This would've been a great place to come last weekend, but I'm sure it would've been packed anyway. Even with the annoying eighties soft rock ballads coming from the Beachside bar. Toni Braxton and all. So, hurray for the rain scaring people away.

It was kind of hard to believe that this little slice of paradise was only a total of four hours away from my door. Wow. One thing about this job is location. It's super easy to escape and find a place where no one will bother you (very much) and you can just chill. In related news, here's the update on my employment situation. If everything goes according to plan, I will be back in the Western hemisphere just after my thirty-third birthday.
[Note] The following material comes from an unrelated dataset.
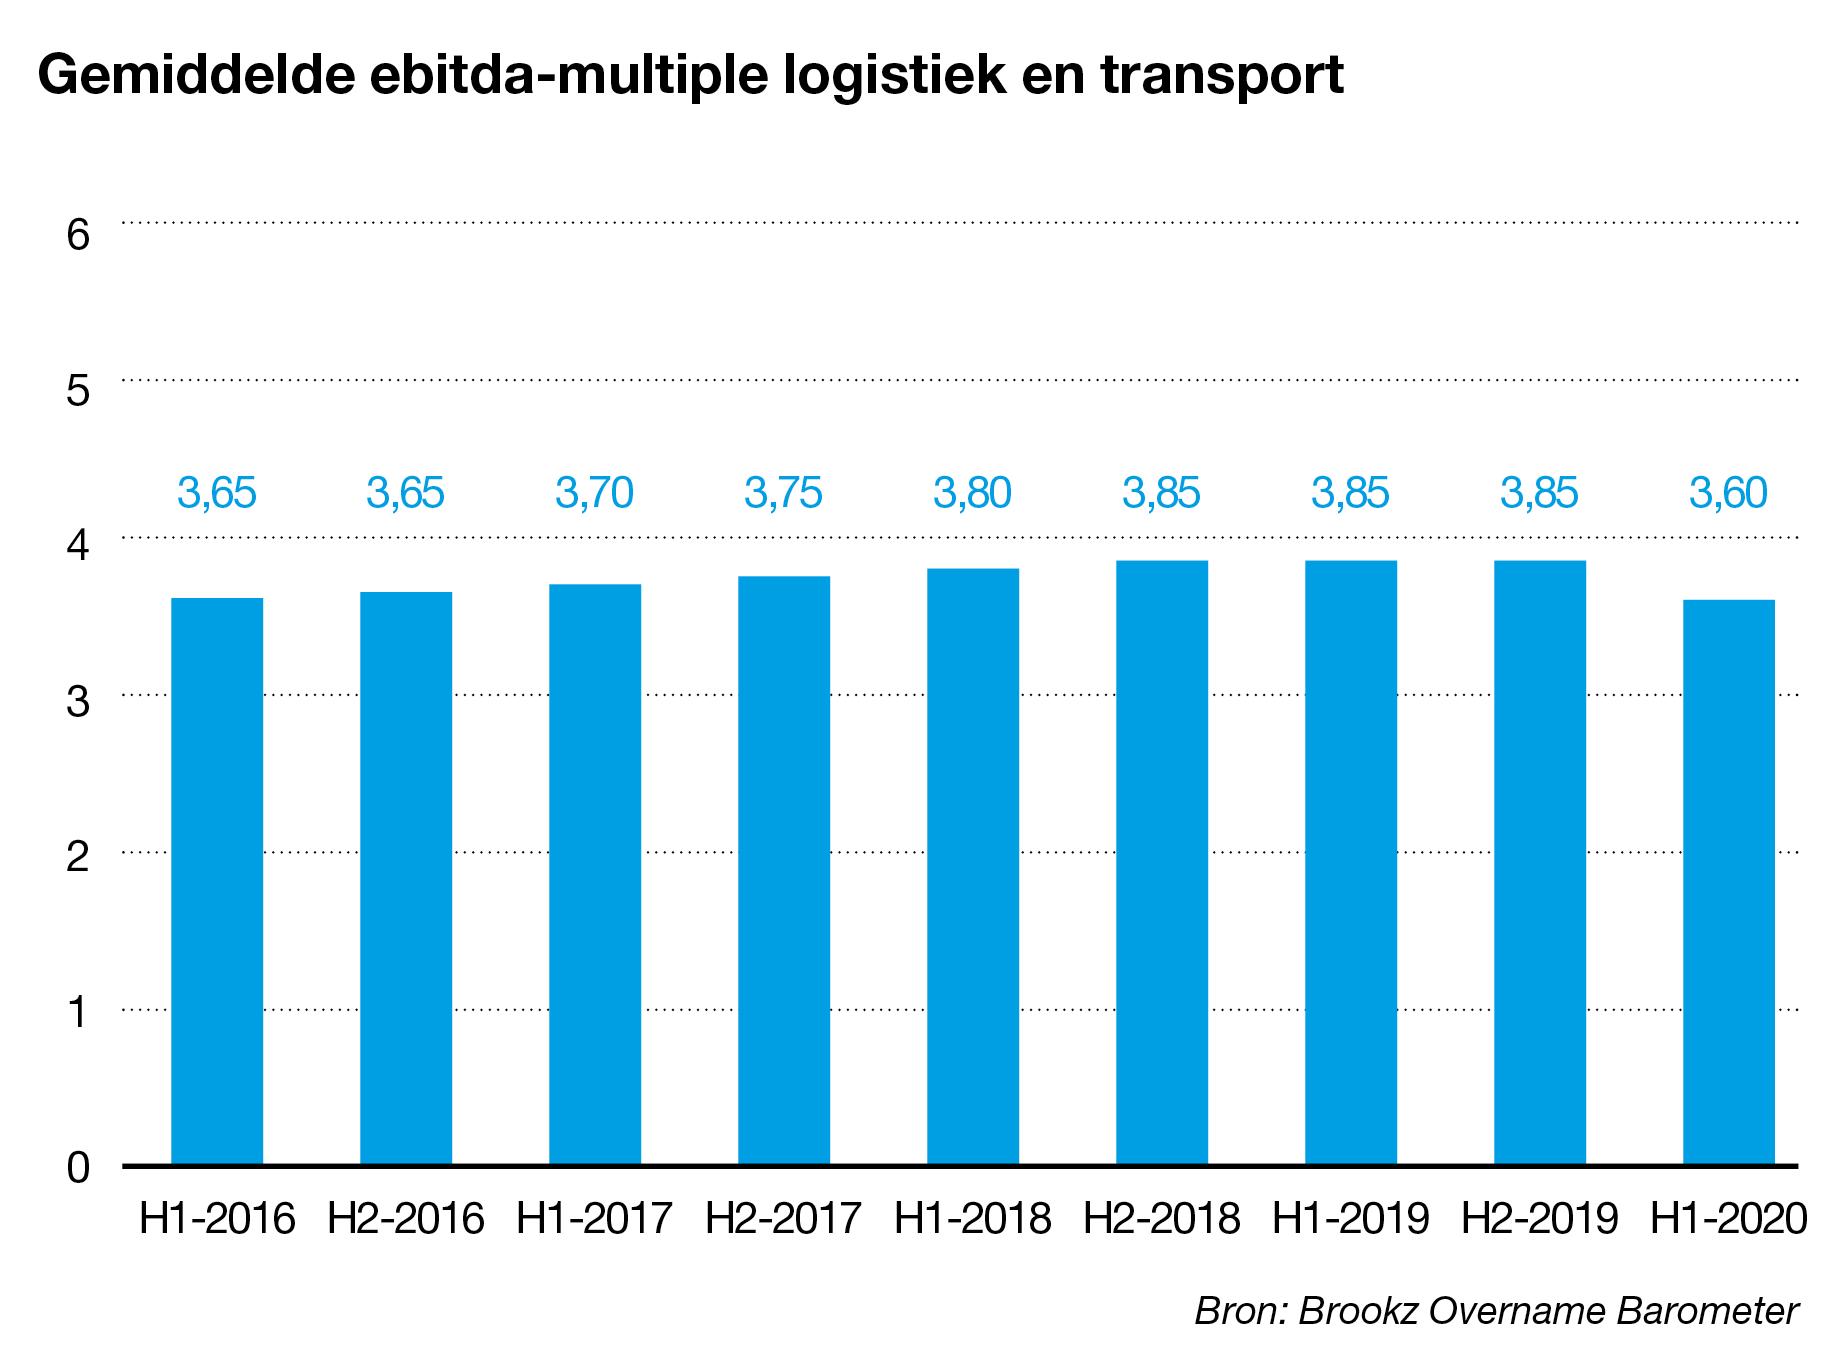 Ebitda-multiple logistiek en transport

So far, I've alienated everyone I work with except Hans, and my best friend Cheryl. She will be gone very soon, since she got fired in about the second week. This was a huge blow for me. Needless to say it'll be the first birthday probably spent alone and by myself boo hoo hoo. But I'm sure I can persuade Hans to come out with a couple bottles of Vietnamese wine or vodka, long story.
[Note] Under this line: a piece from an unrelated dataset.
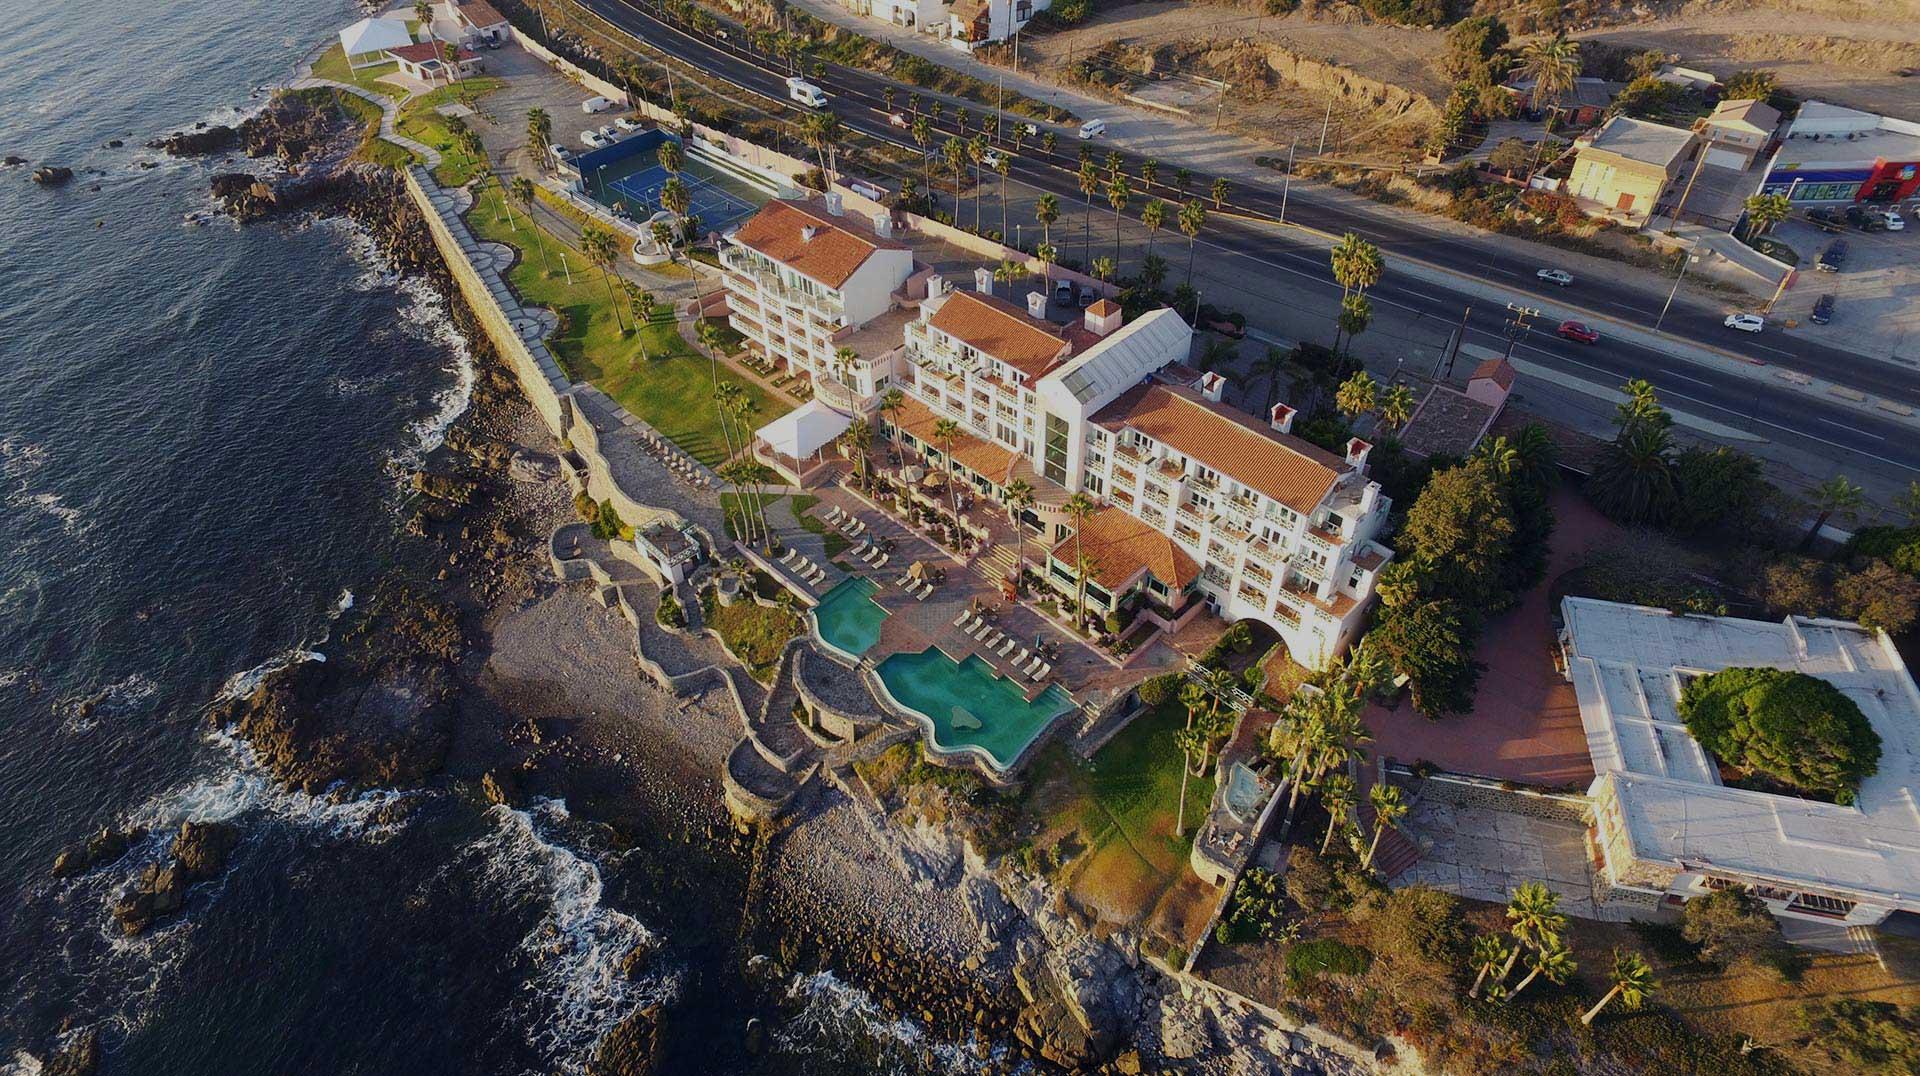 Las Rosas Hotel Ensenada

Right now, I have a tentative job waiting for me in Honduras. Initially I wanted to quit this one early and go to that one after the firing of Cheryl, the boat ride debacle described earlier and after my boss called me a child for refusing to carry this shitty laptop back and forth to school five km per day. Ugh.

When I handed in my resignation, my boss went berserk and she started flip flopping on everything she ever said to me.

"You're not getting your airfare reimbursed. You're not getting a bonus at the end." and then vice versa, the next day she claimed the opposite.

I didn't know what to believe anymore, so I just didn't tell her any of my plans after that. All the while, I had been updating my new boss on all these developments, and she was royally confused I'm sure.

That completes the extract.